# PROBLEM DETAILS:
All pictures are to be dropped, and the remaining data set down exactly.

# DATA EXCERPT:
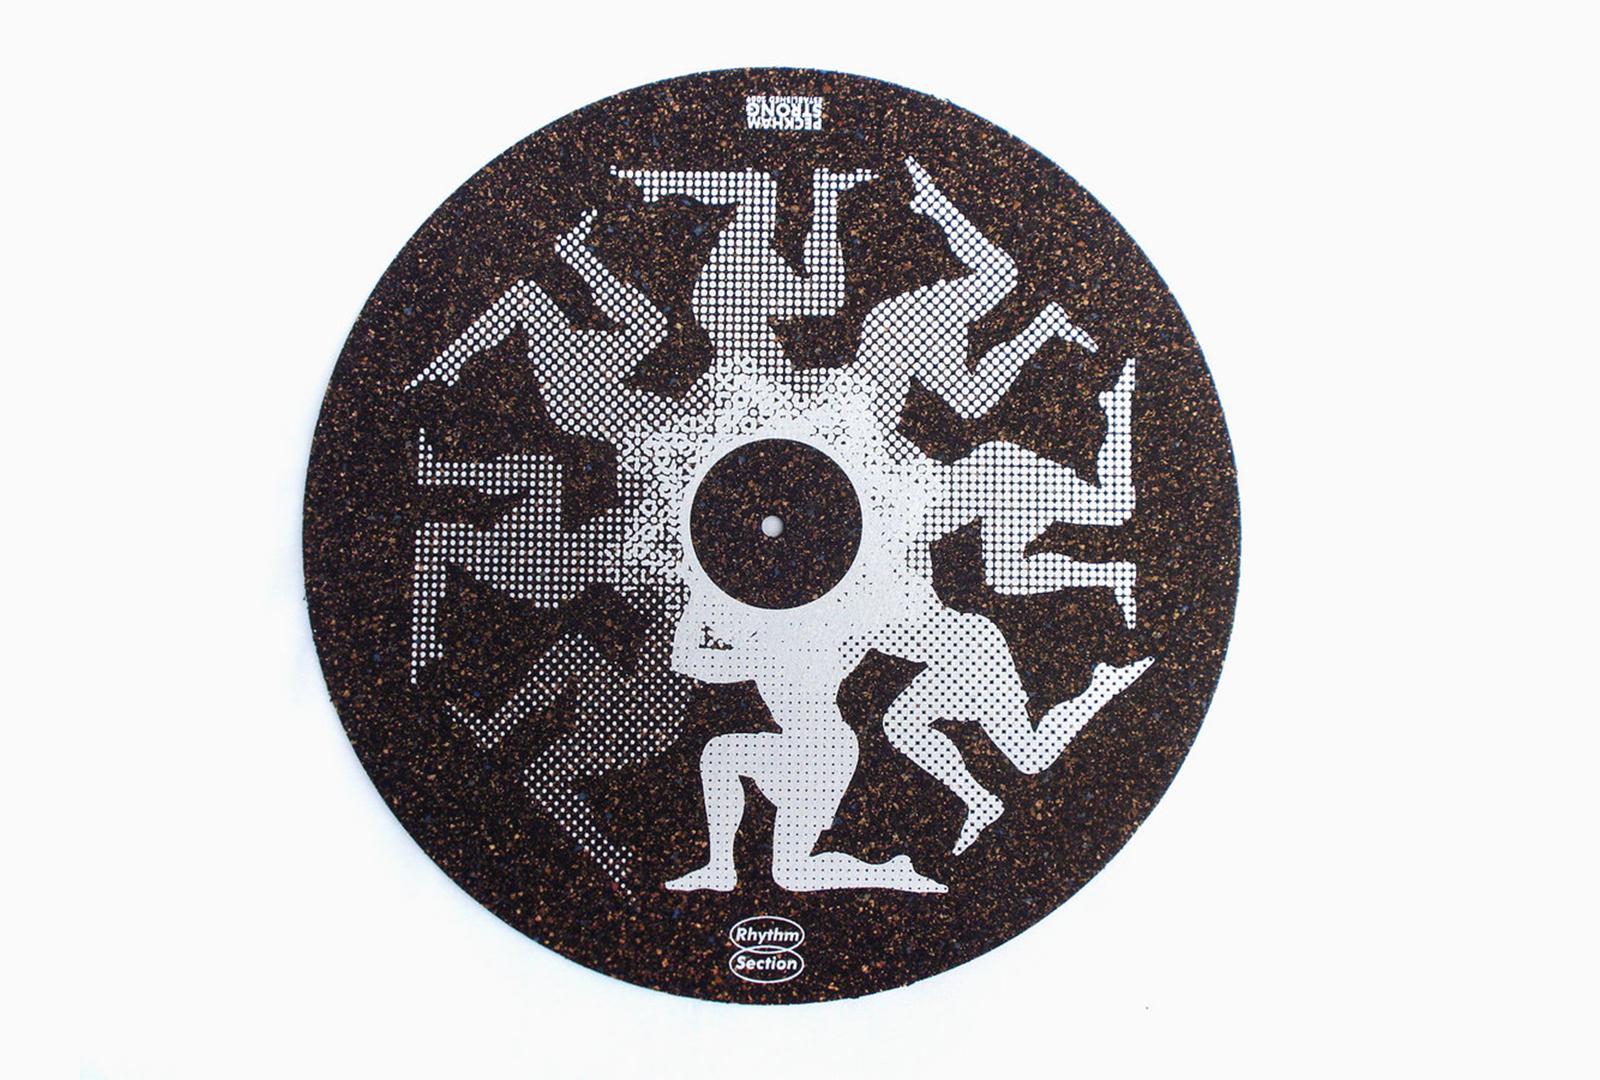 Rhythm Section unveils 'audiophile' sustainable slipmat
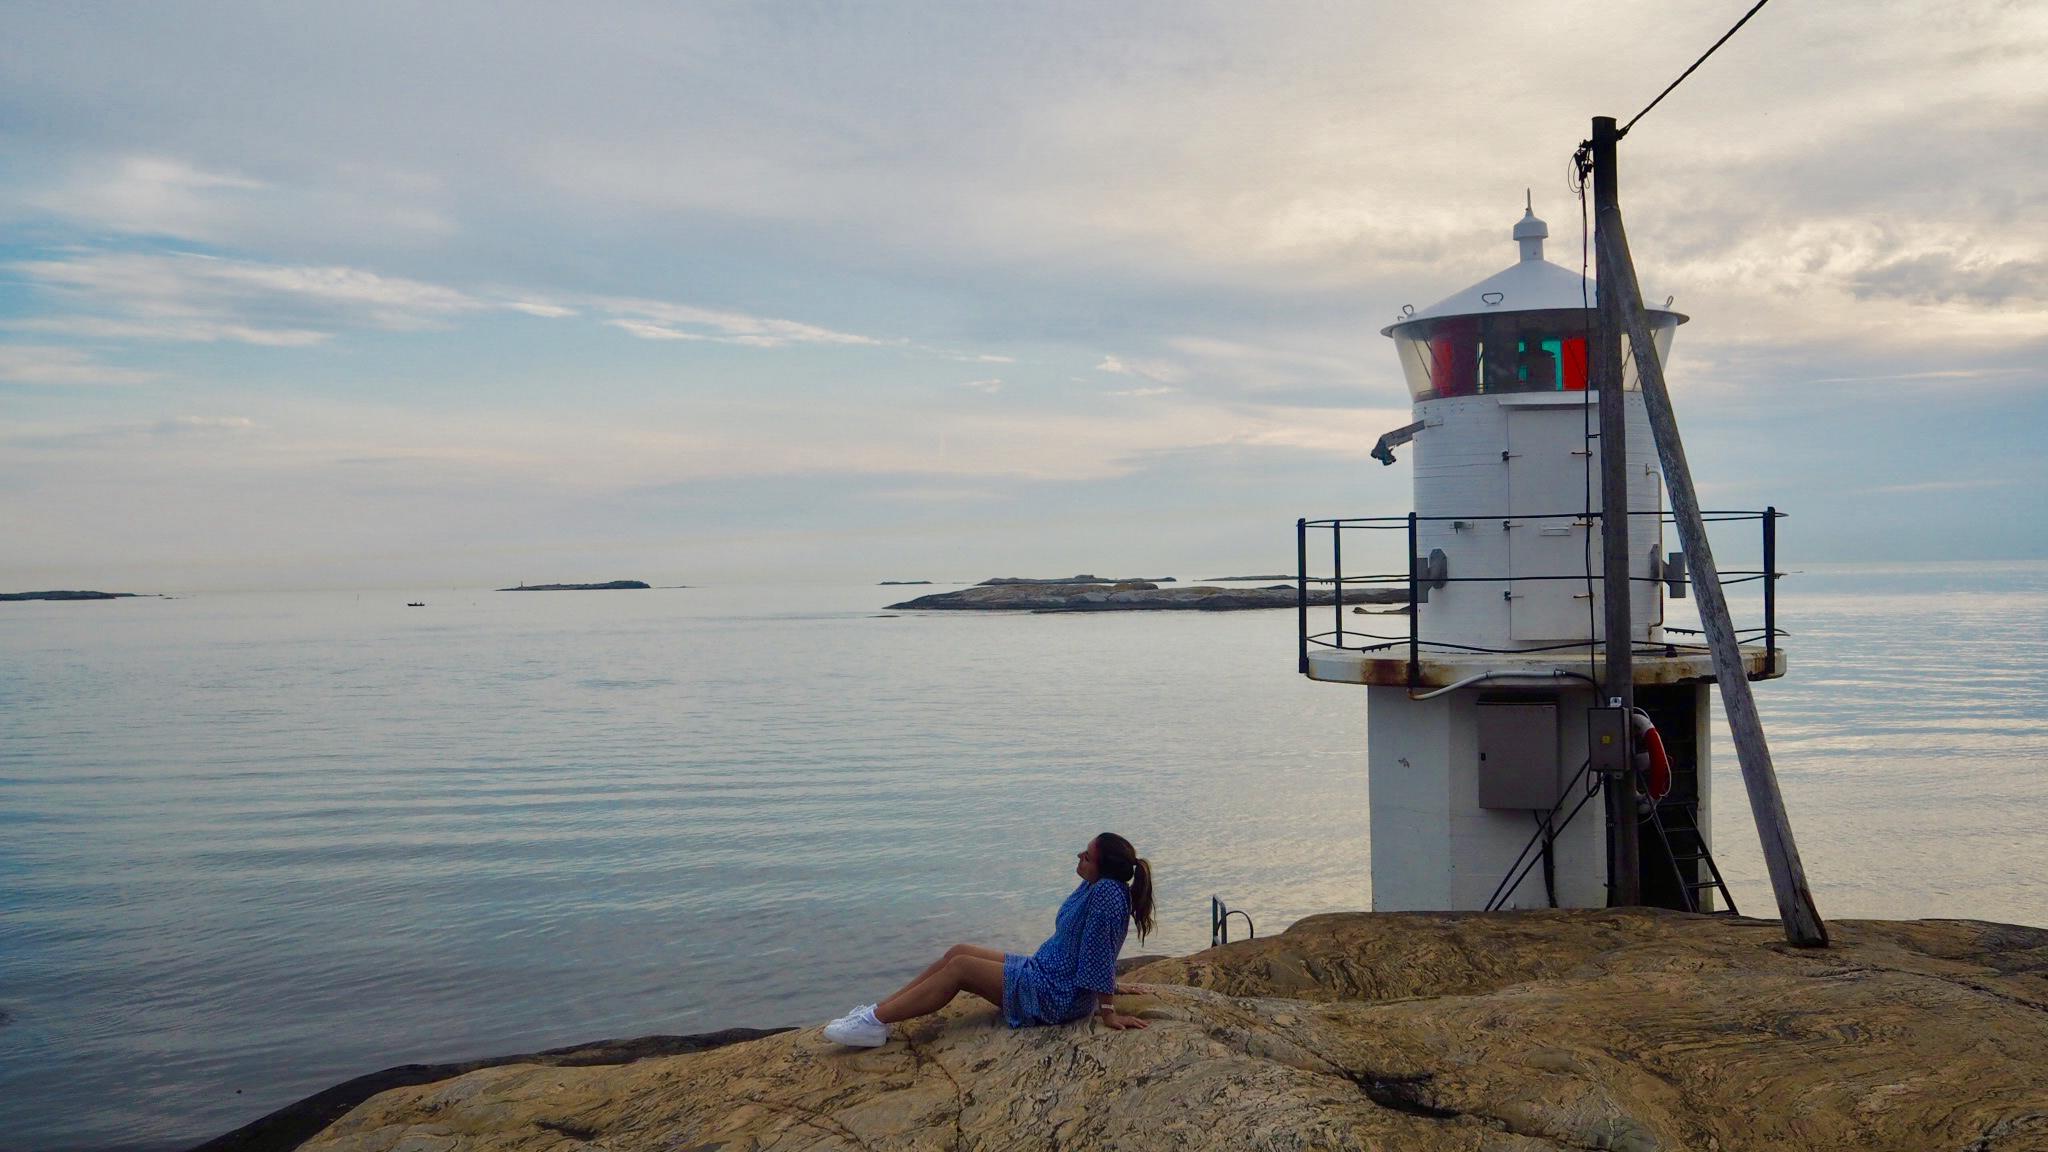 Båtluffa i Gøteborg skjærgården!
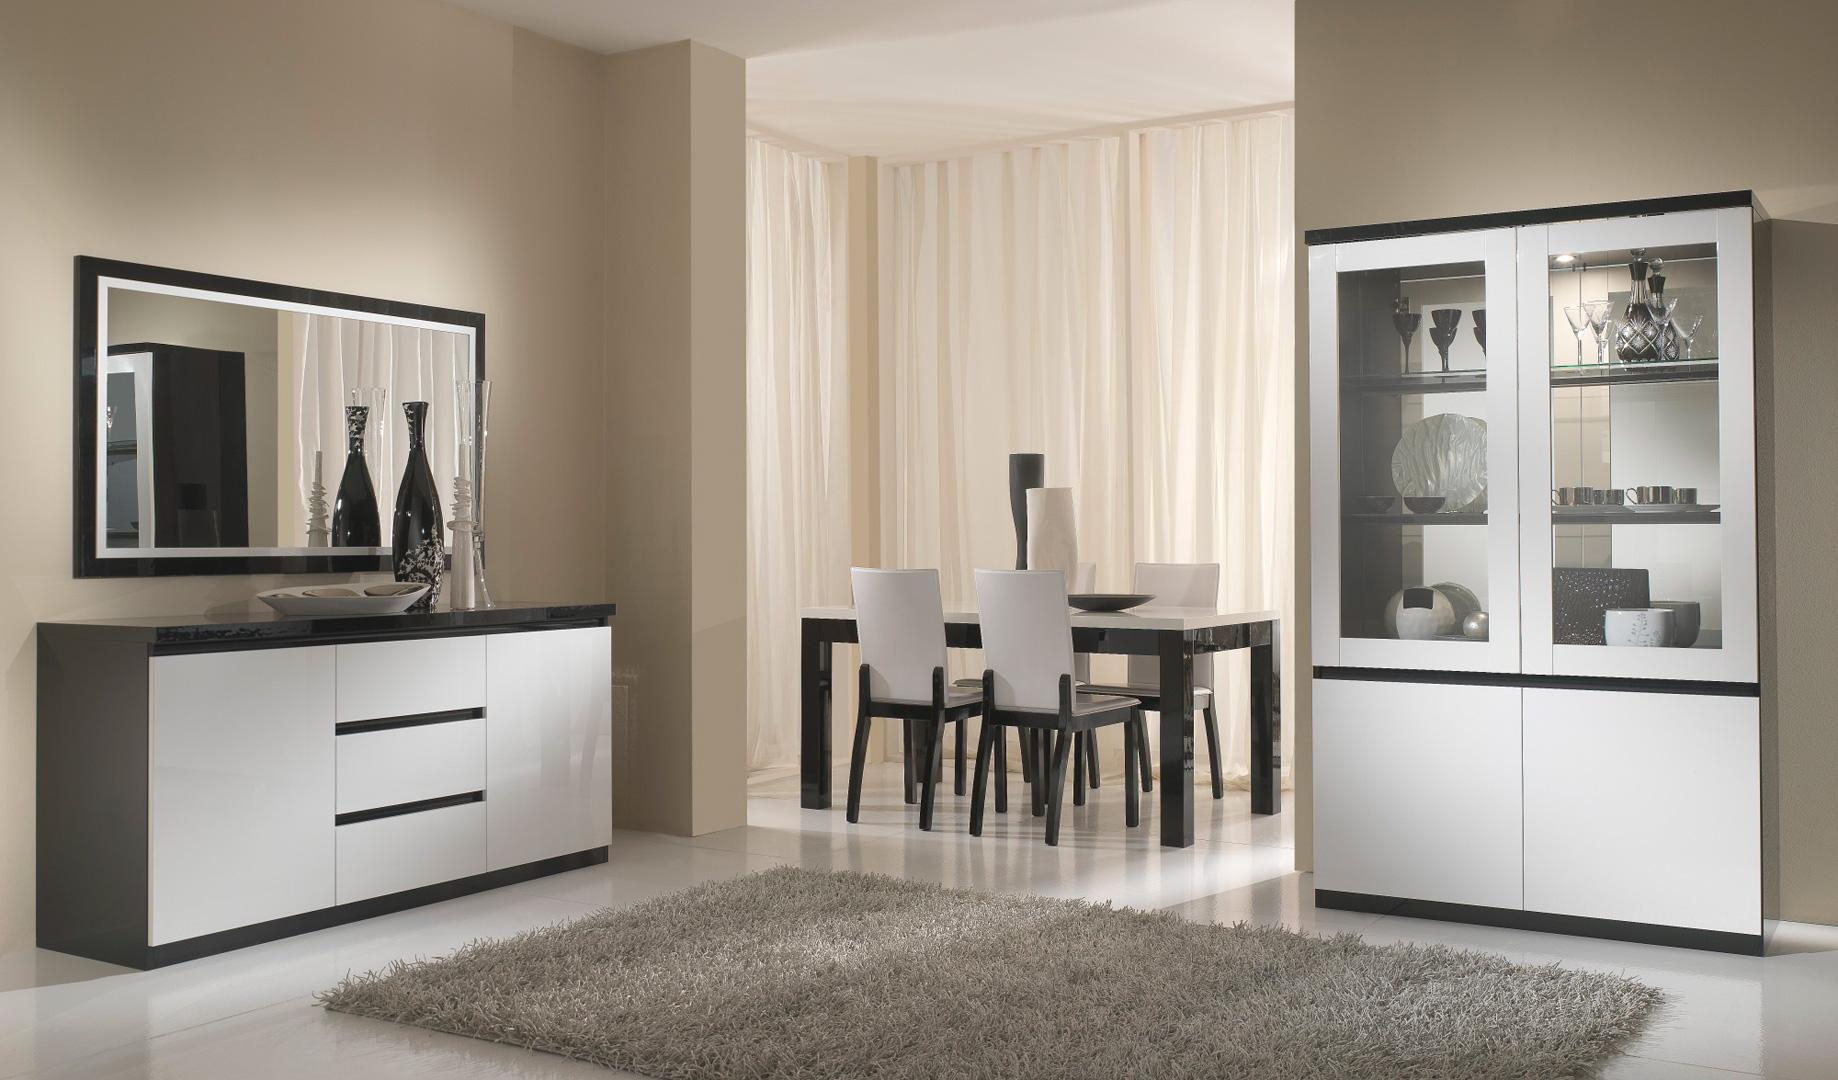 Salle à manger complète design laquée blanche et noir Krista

# WORKED SOLUTION:
 Rhythm Section unveils 'audiophile' sustainable slipmat
 Båtluffa i Gøteborg skjærgården!
 Salle à manger complète design laquée blanche et noir Krista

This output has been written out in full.